[Source data]

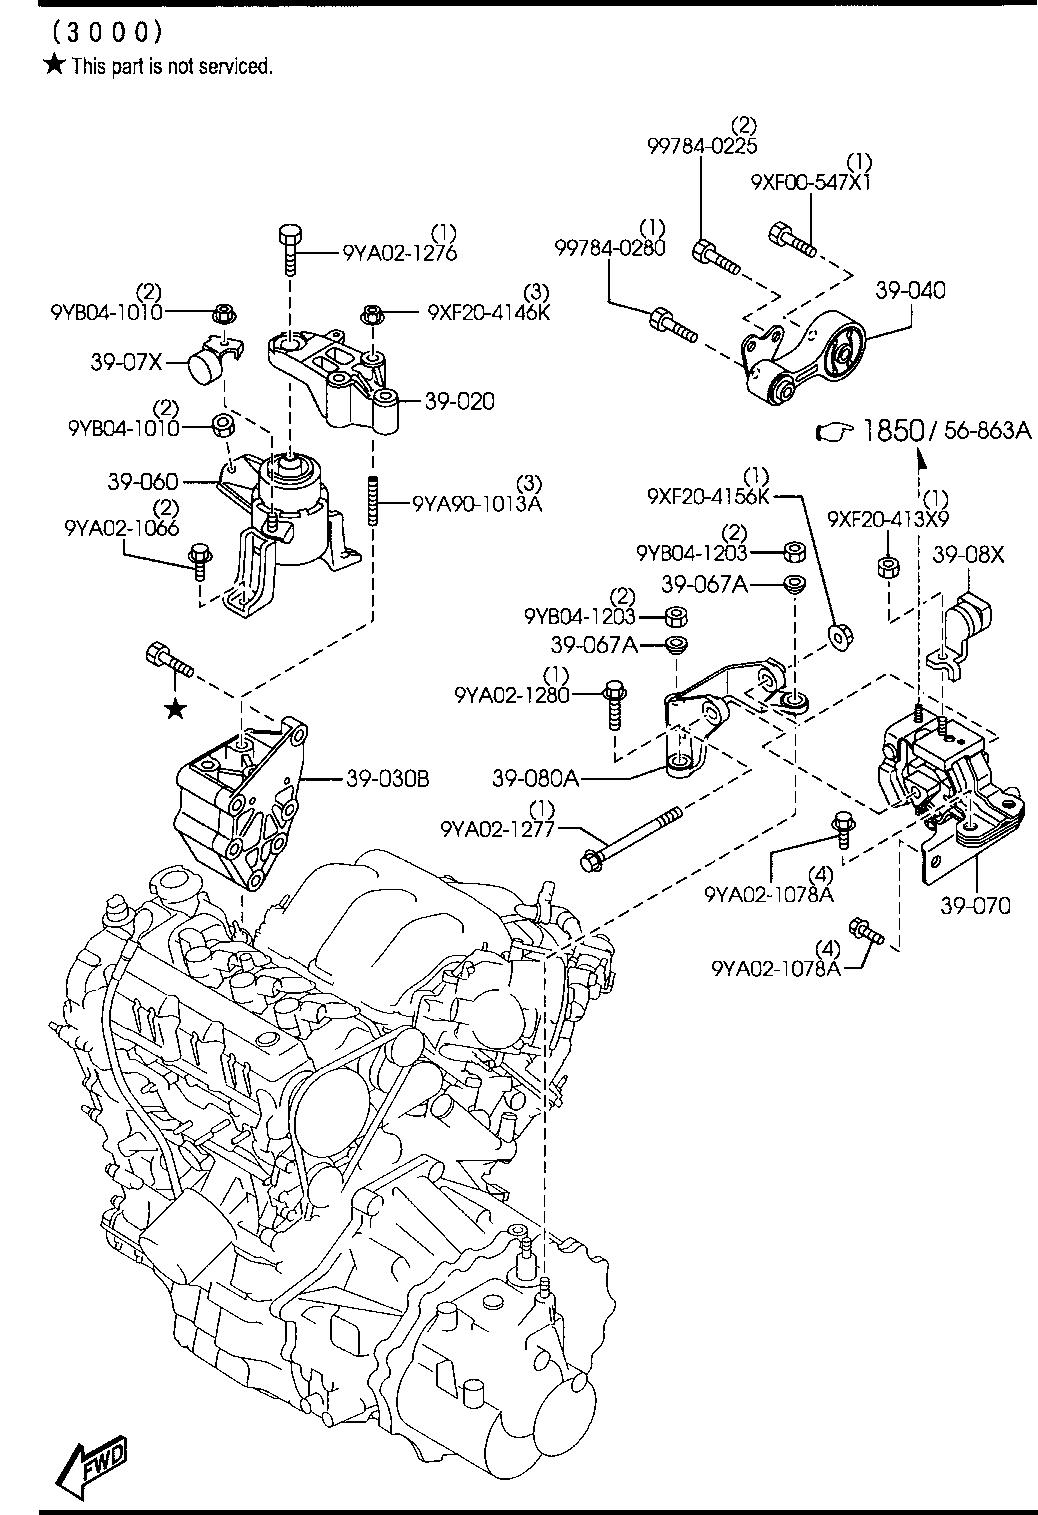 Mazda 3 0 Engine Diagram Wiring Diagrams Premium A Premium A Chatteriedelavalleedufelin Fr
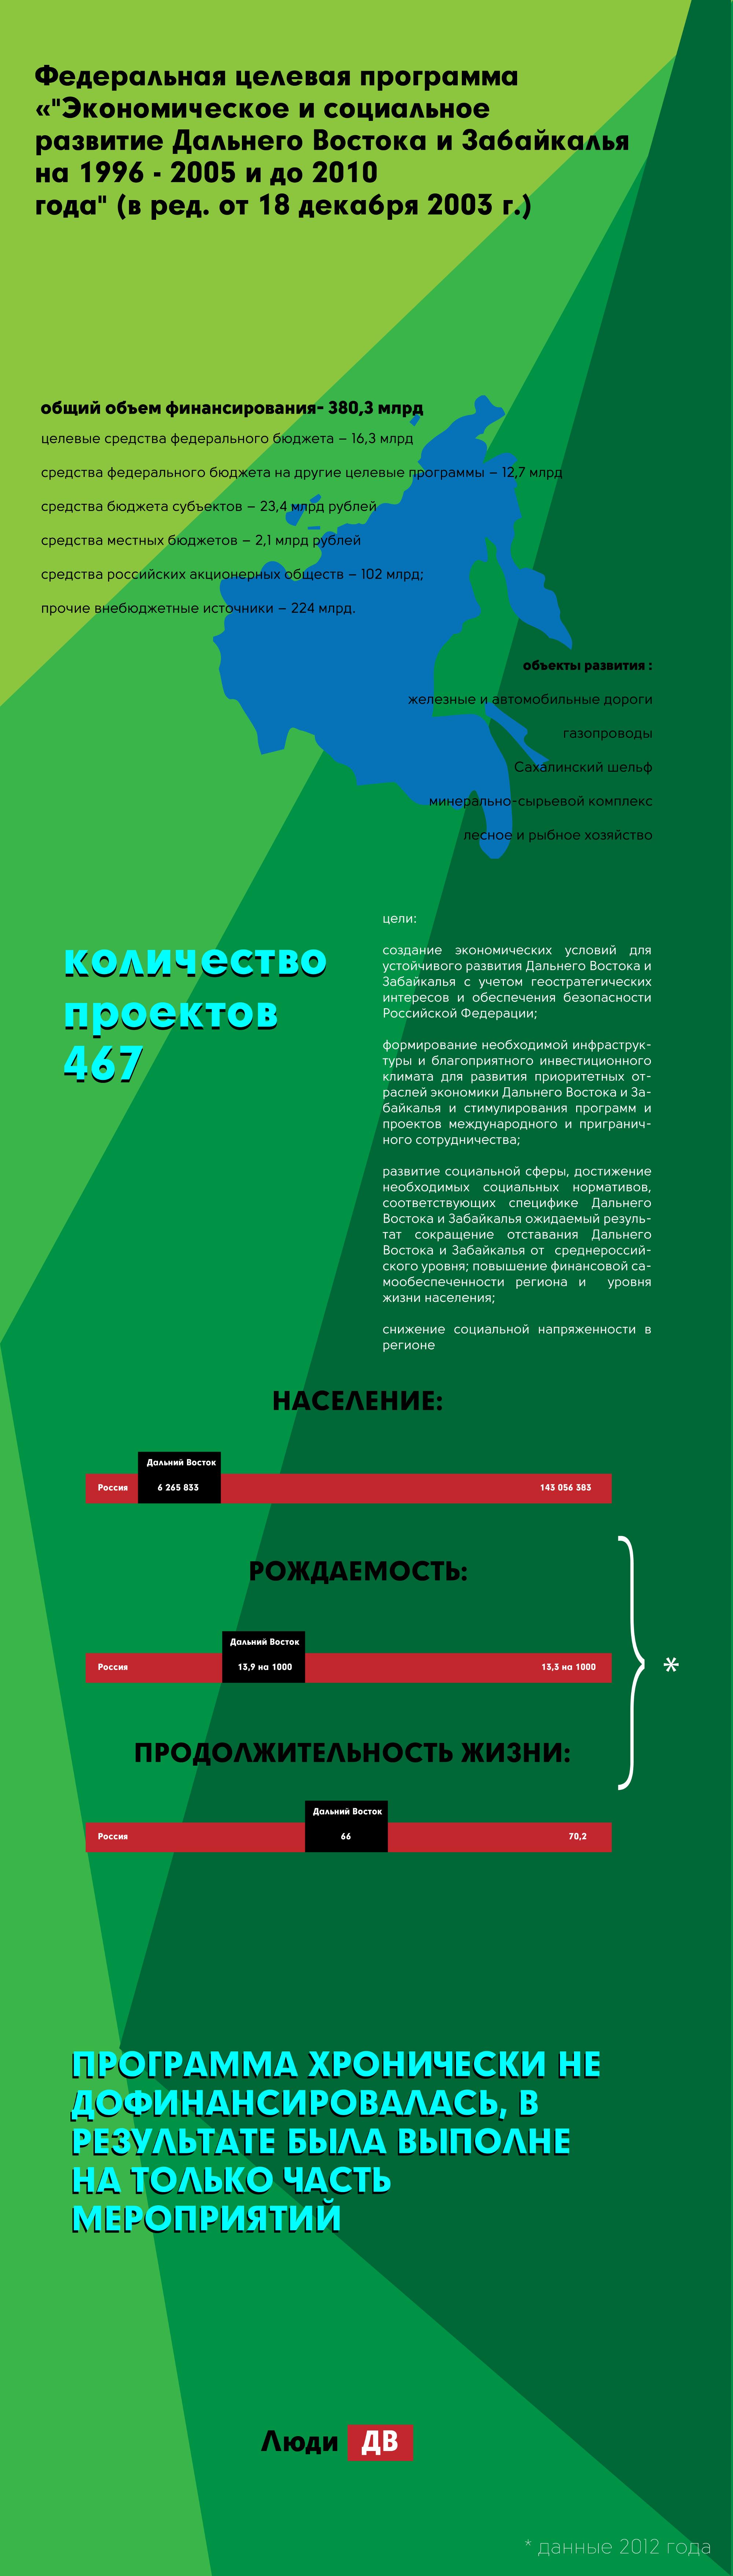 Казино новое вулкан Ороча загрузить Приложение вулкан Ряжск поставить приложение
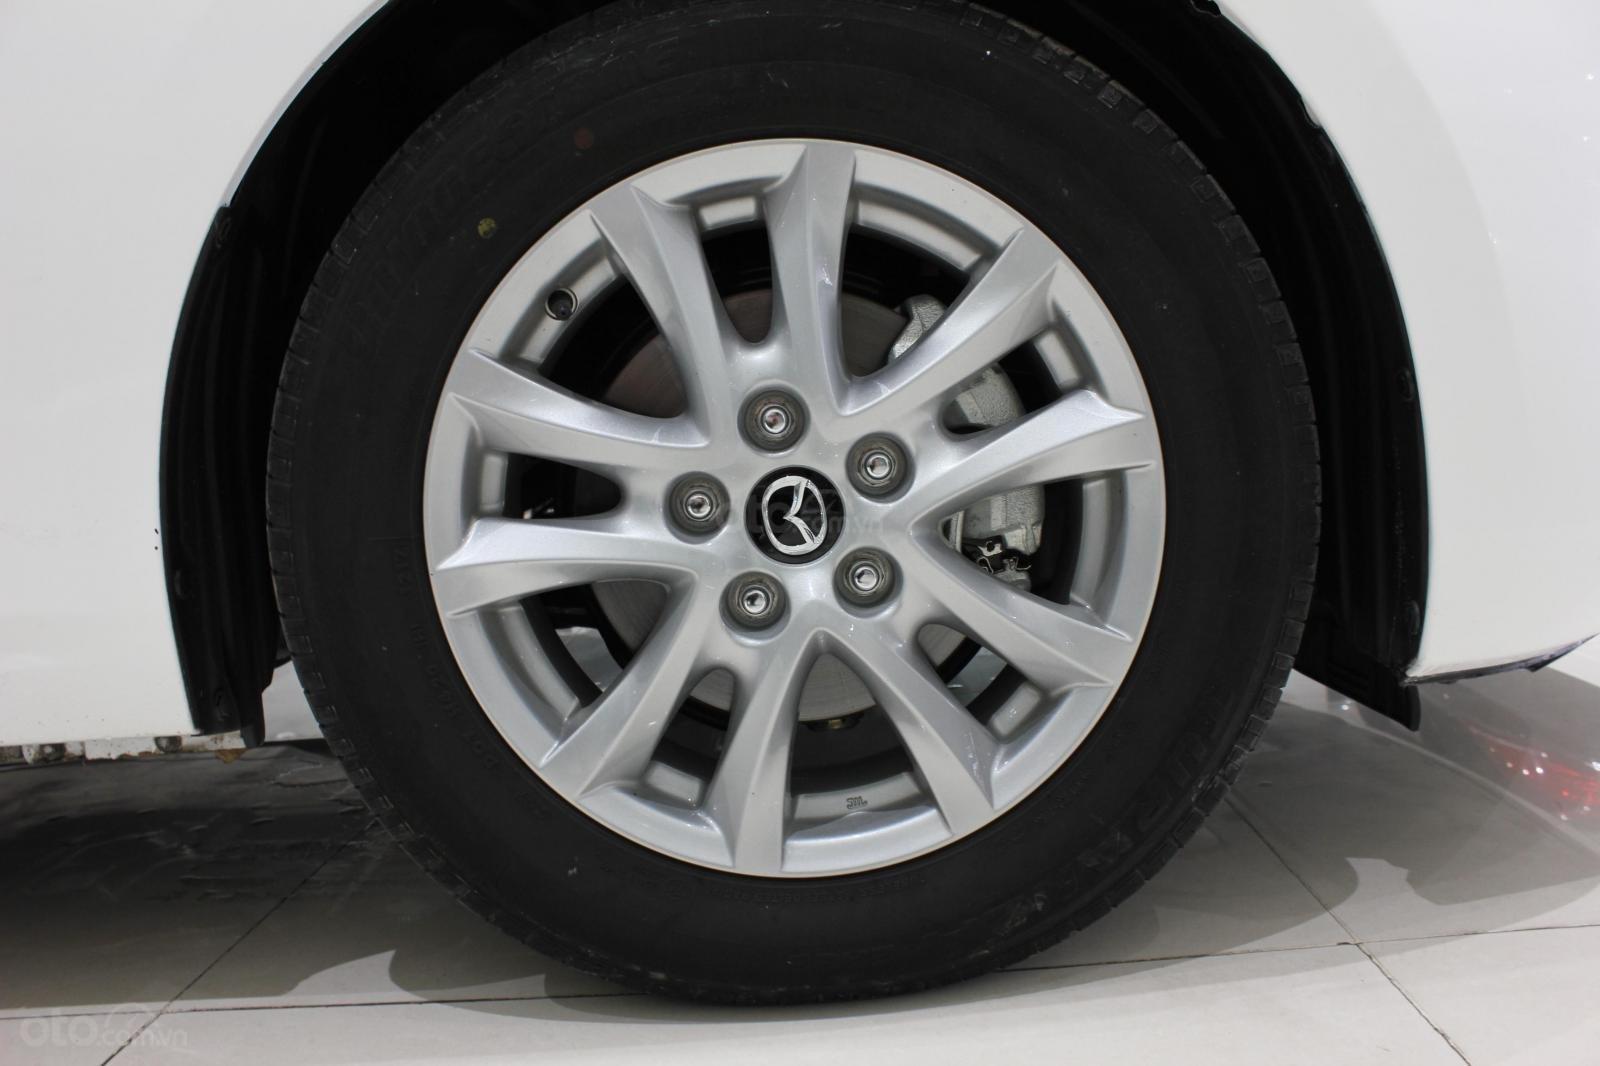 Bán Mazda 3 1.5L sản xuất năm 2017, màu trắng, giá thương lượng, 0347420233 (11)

[/Source data]

Your task:
None of the pictures should appear; copy the rest of the material above exactly.

Your response:
 Mazda 3 0 Engine Diagram Wiring Diagrams Premium A Premium A Chatteriedelavalleedufelin Fr
 Казино новое вулкан Ороча загрузить Приложение вулкан Ряжск поставить приложение
 Bán Mazda 3 1.5L sản xuất năm 2017, màu trắng, giá thương lượng, 0347420233 (11)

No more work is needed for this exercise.